Several glucose-sensing pathways have been implicated in glucose-triggered secretion of glucagon-like peptide-1 (GLP-1) from intestinal L cells. One involves glucose metabolism and closure of ATP-sensitive K⁺ channels, and another exploits the electrogenic nature of Na⁺-coupled glucose transporters (SGLTs). This study aimed to elucidate the role of these distinct mechanisms in glucose-stimulated GLP-1 secretion.

Glucose uptake into L cells (either GLUTag cells or cells in primary cultures, using a new transgenic mouse model combining proglucagon promoter-driven Cre recombinase with a ROSA26tdRFP reporter) was monitored with the FLII₁₂Pglu-700μδ6 glucose sensor. Effects of pharmacological and genetic interference with SGLT1 or facilitative glucose transport (GLUT) on intracellular glucose accumulation and metabolism (measured by NAD(P)H autofluorescence), cytosolic Ca²⁺ (monitored with Fura2) and GLP-1 secretion (assayed by ELISA) were assessed.
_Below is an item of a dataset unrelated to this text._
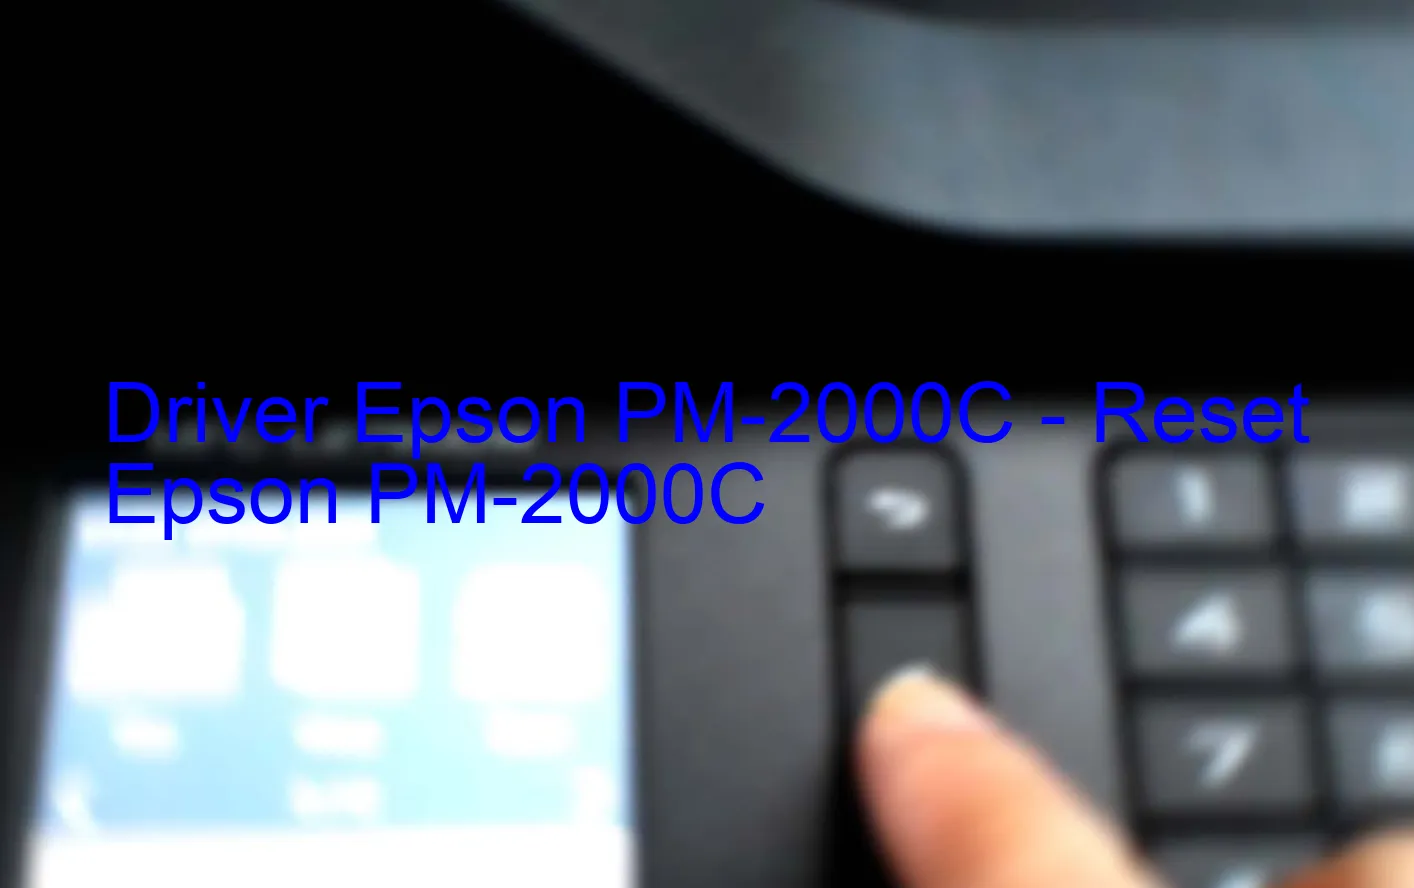 Epson PM-2000Cのドライバー、Epson PM-2000Cのリセットソフトウェア

L cell glucose uptake was dominated by GLUT-mediated transport, being abolished by phloretin but not phloridzin. NAD(P)H autofluorescence was glucose dependent and enhanced by a glucokinase activator. In GLUTag cells, but not primary L cells, phloretin partially impaired glucose-dependent secretion, and suppressed an amplifying effect of glucose under depolarising high K⁺ conditions. The key importance of SGLT1 in GLUTag and primary cells was evident from the impairment of secretion by phloridzin or Sglt1 knockdown and failure of glucose to trigger cytosolic Ca²⁺ elevation in primary L cells from Sglt1 knockout mice.

SGLT1 acts as the luminal glucose sensor in L cells, but intracellular glucose concentrations are largely determined by GLUT activity. Although L cell glucose metabolism depends partially on glucokinase activity, this plays only a minor role in glucose-stimulated GLP-1 secretion.